Transcribe the listing that follows in full, exactly, and drop its images.

=== Recorded information ===

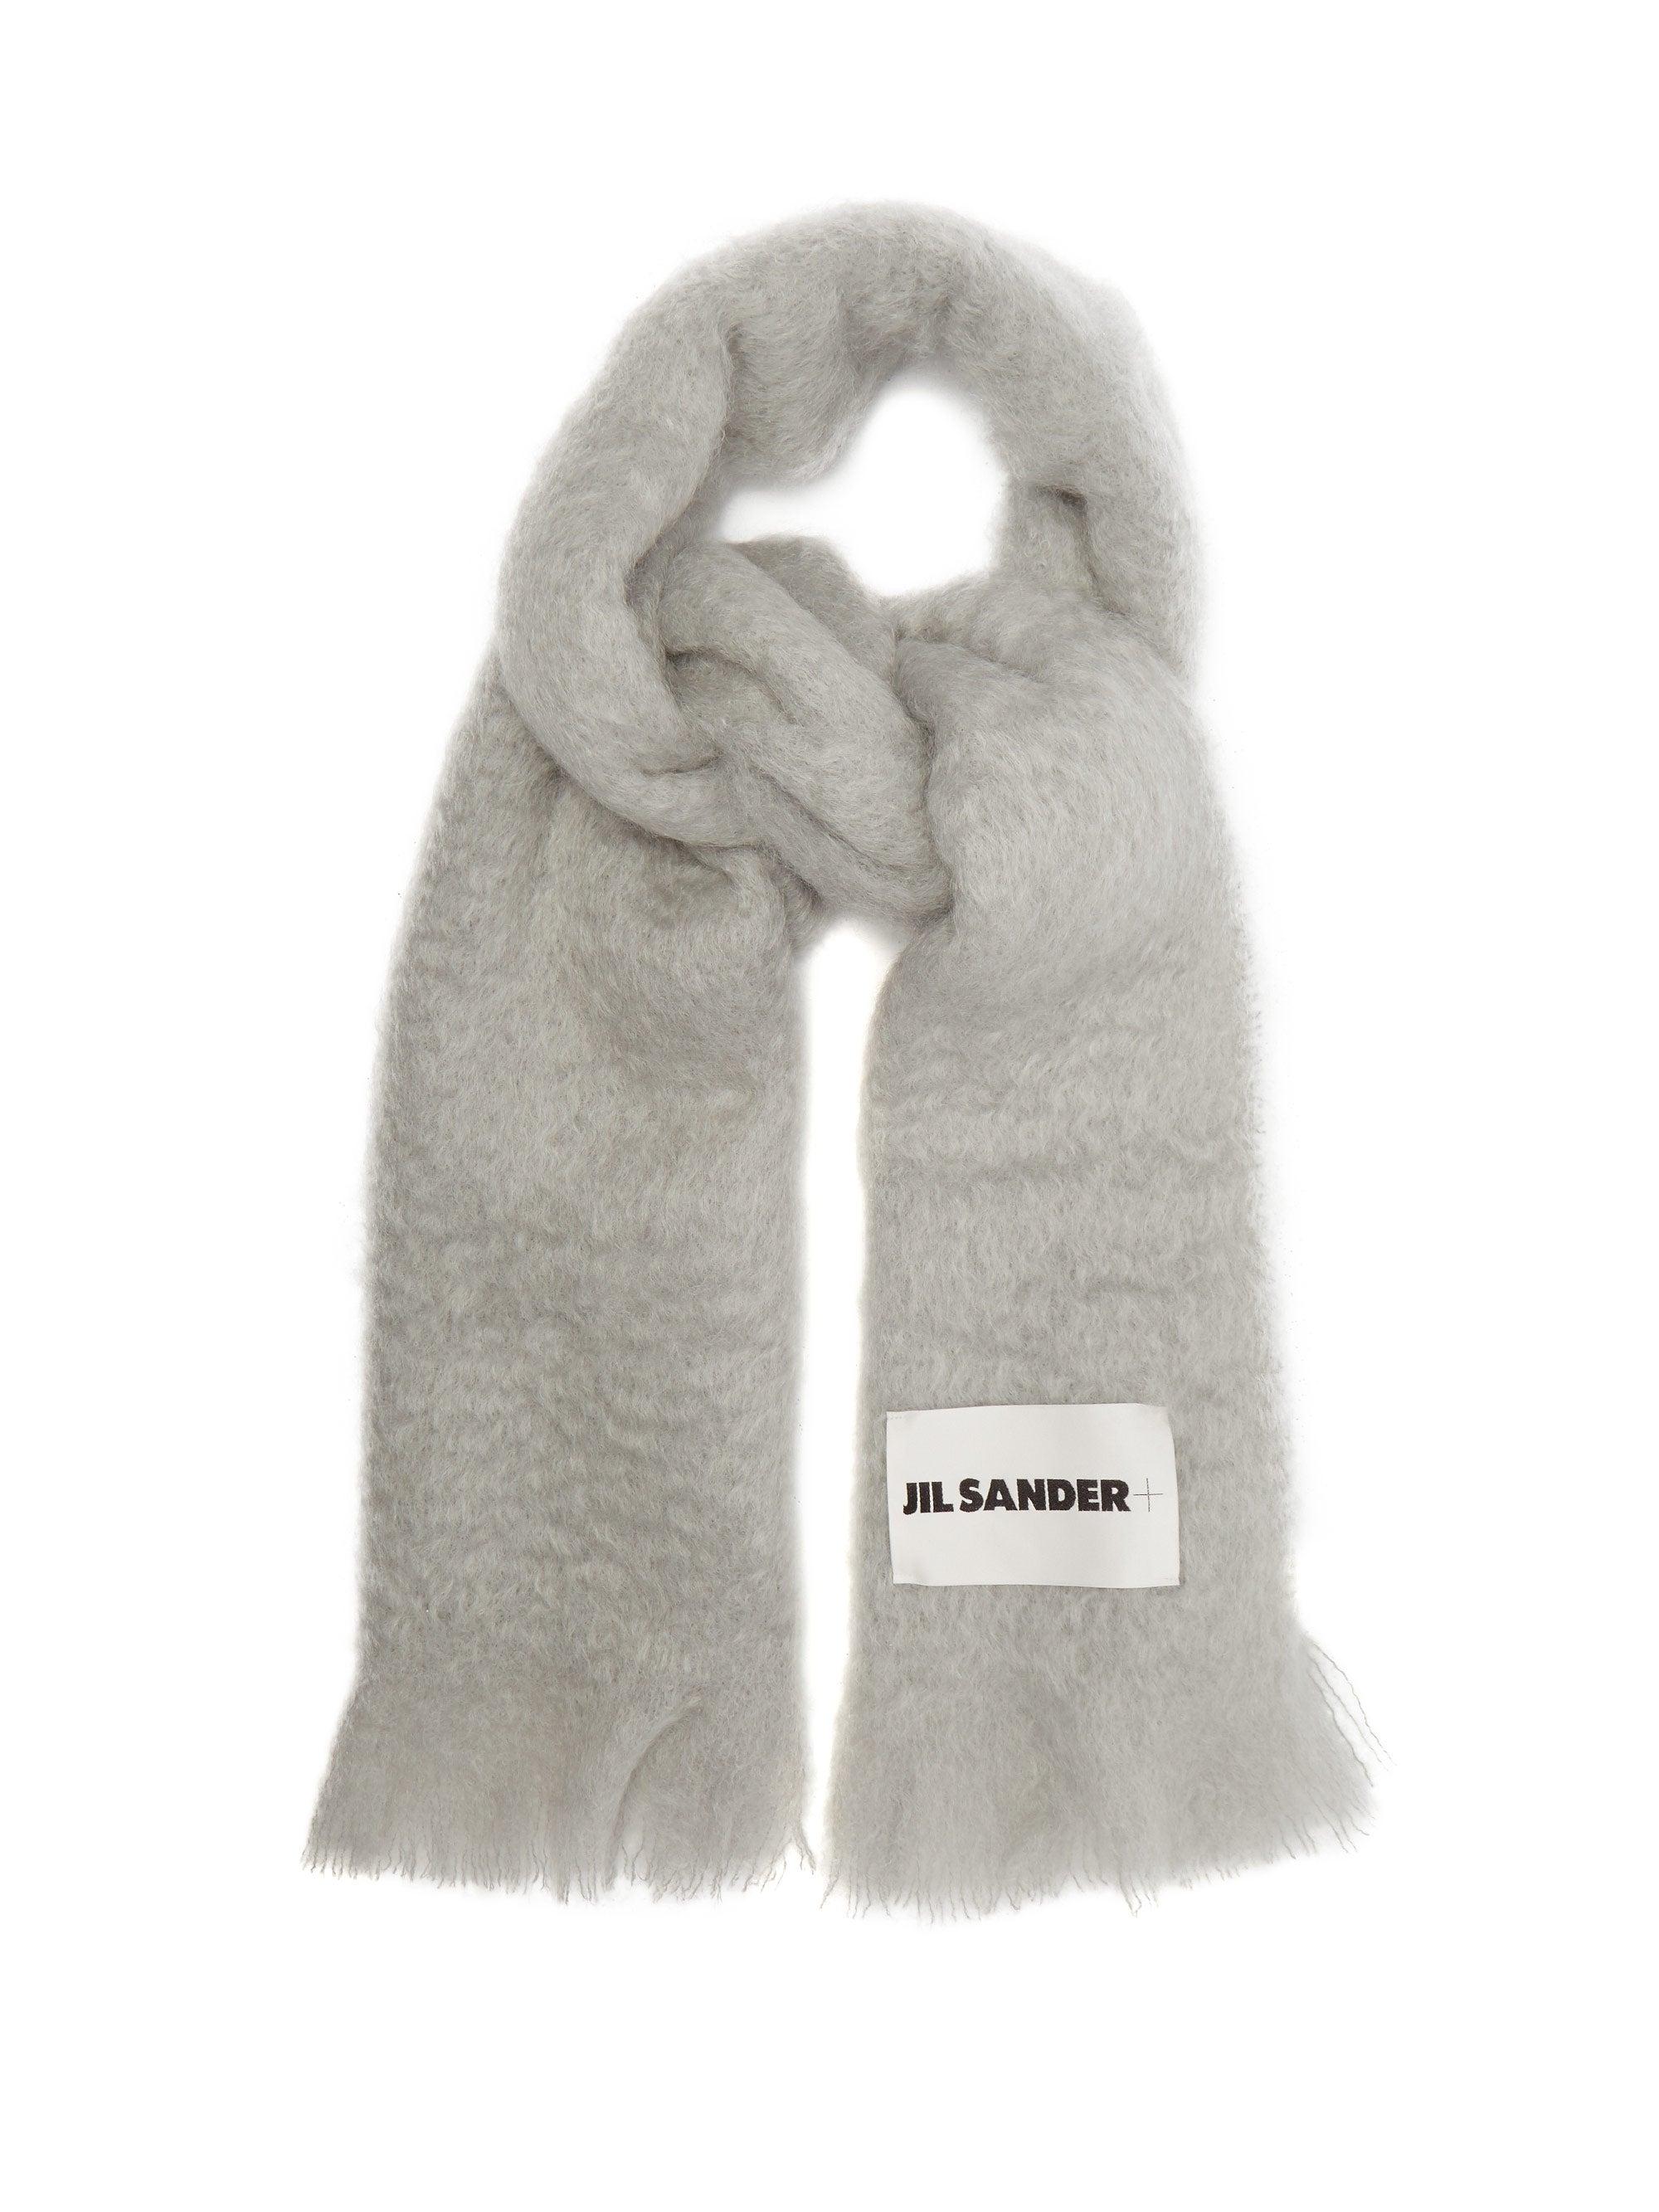 Jil Sander Cotton Fringed Mohair-blend Scarf in Grey (Gray) - Lyst
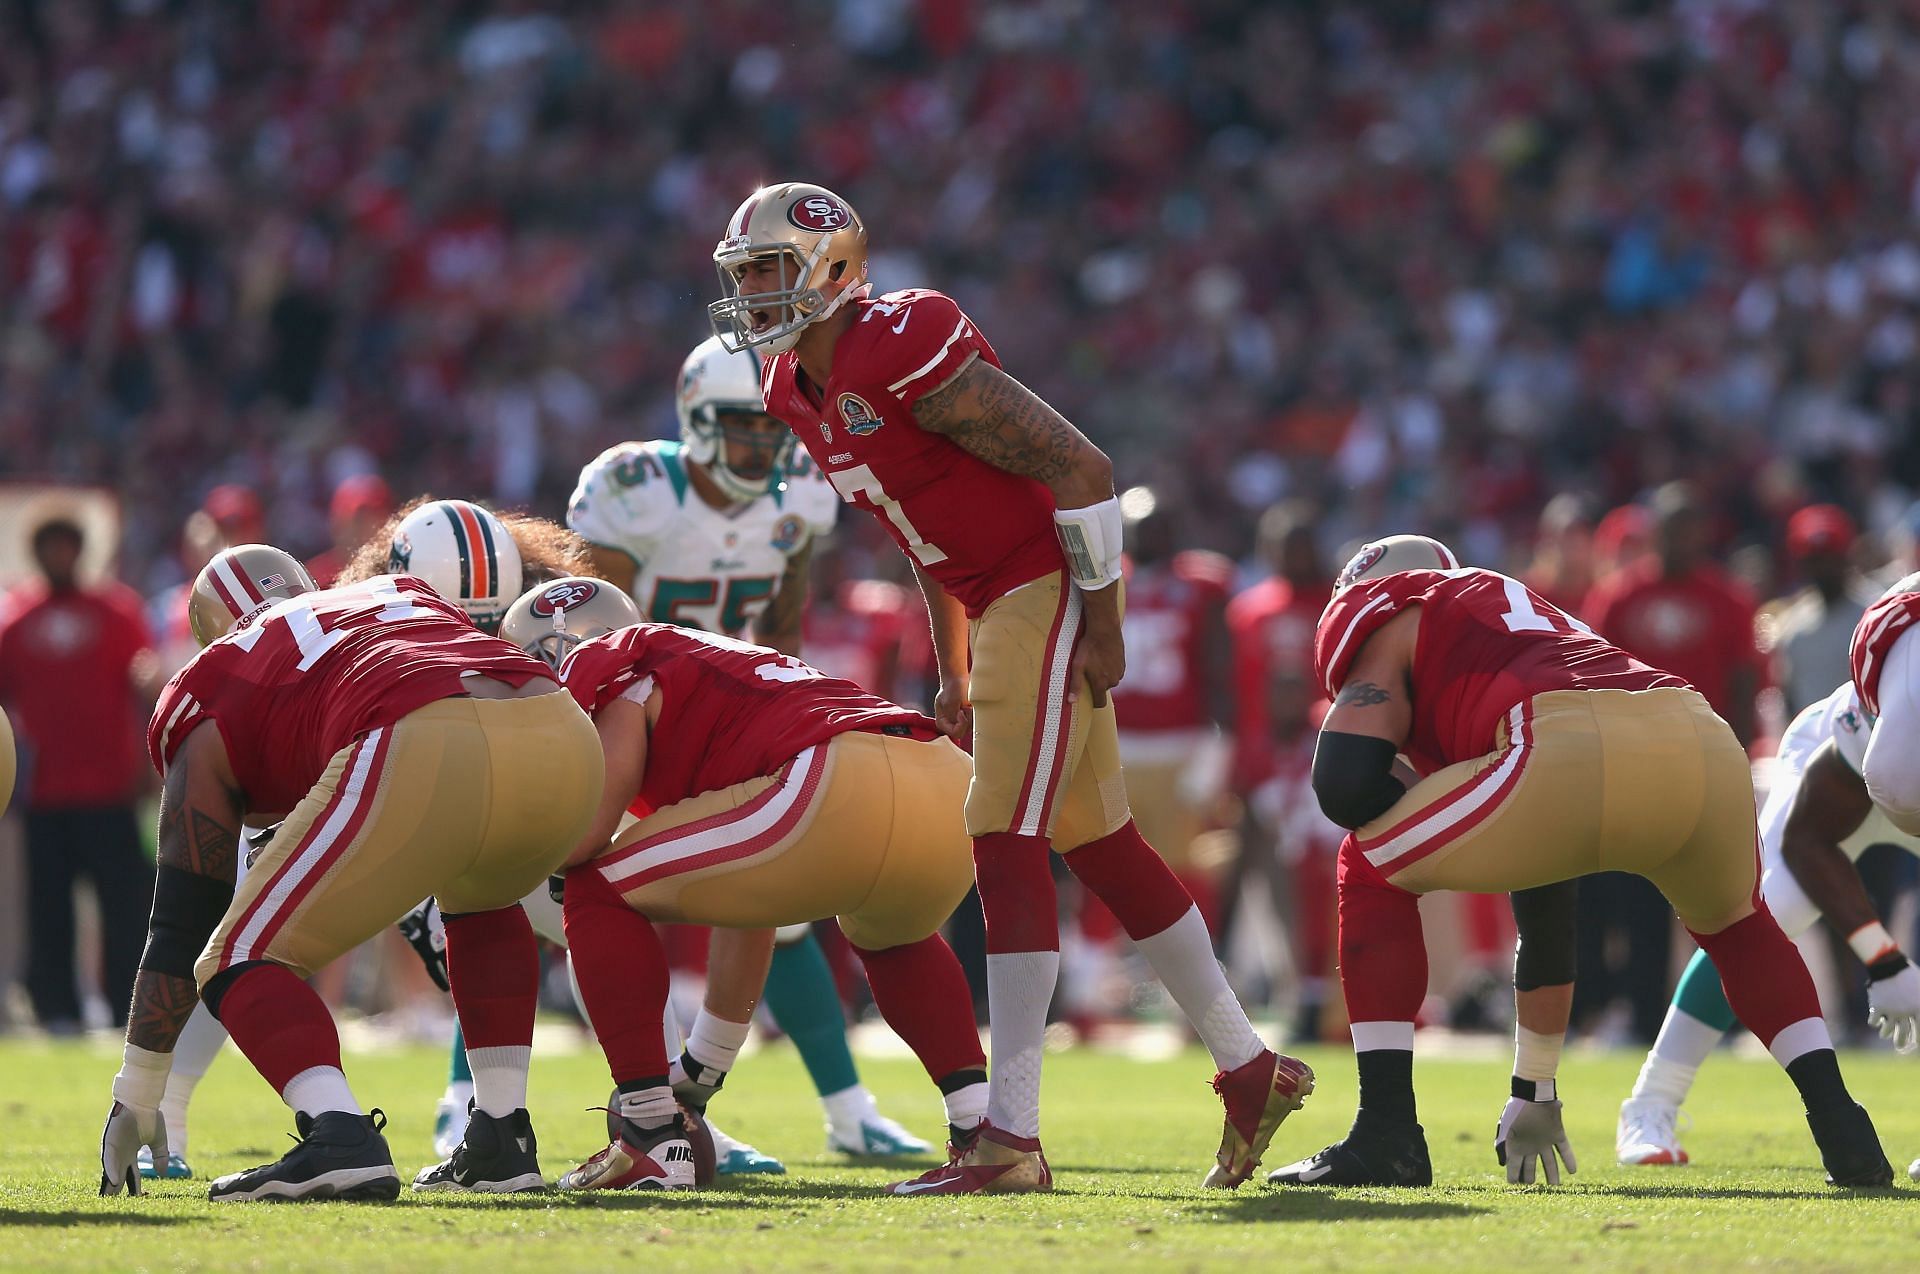 Colin Kaepernick could join the QB competition in Miami
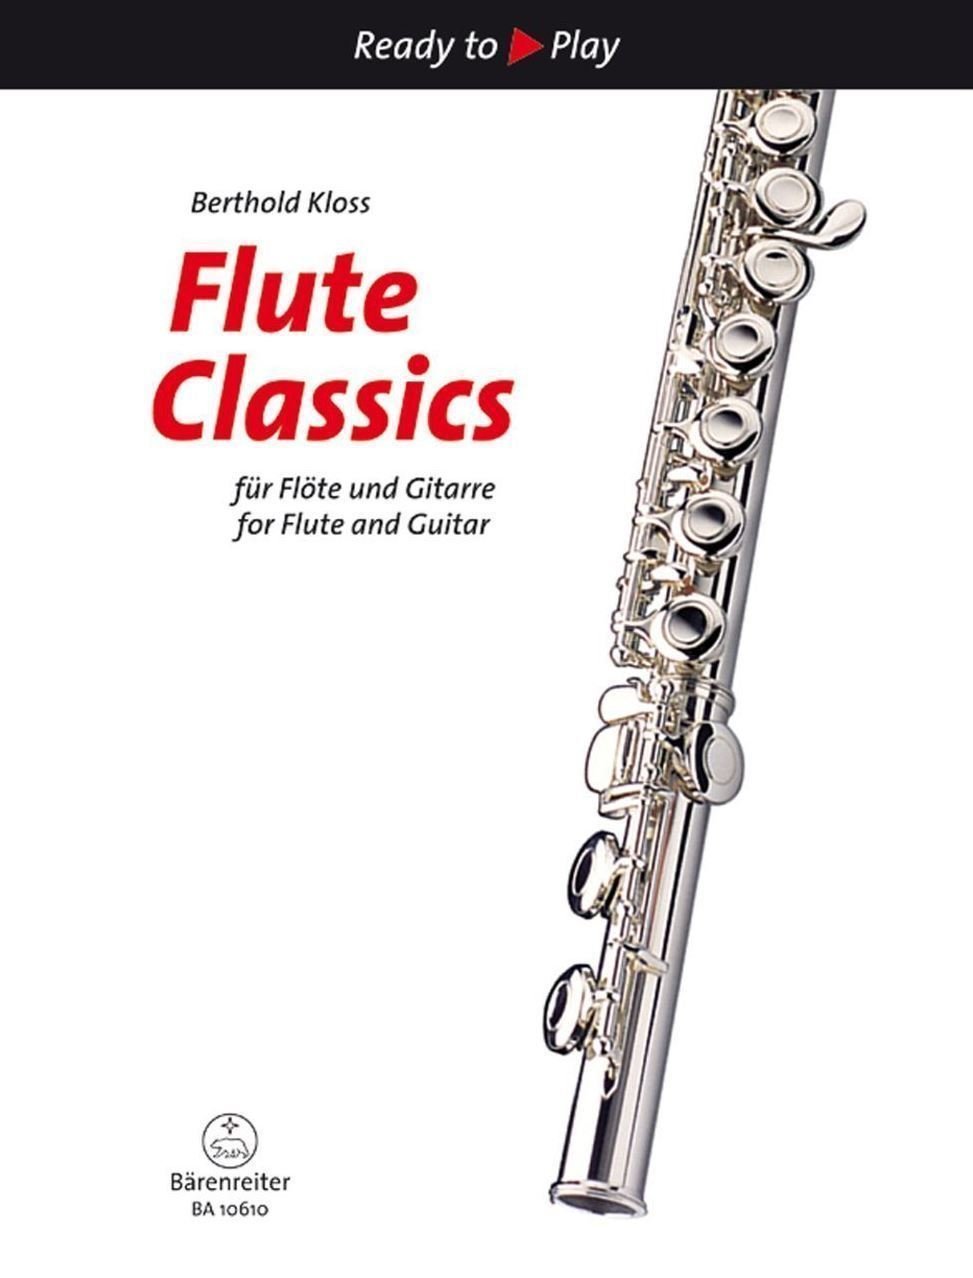 Music sheet for wind instruments Bärenreiter Flute Classic for Flute and Guitar Music Book

===

▶ **Written response**
 Jil Sander Cotton Fringed Mohair-blend Scarf in Grey (Gray) - Lyst
 Colin Kaepernick could join the QB competition in Miami
 Music sheet for wind instruments Bärenreiter Flute Classic for Flute and Guitar Music Book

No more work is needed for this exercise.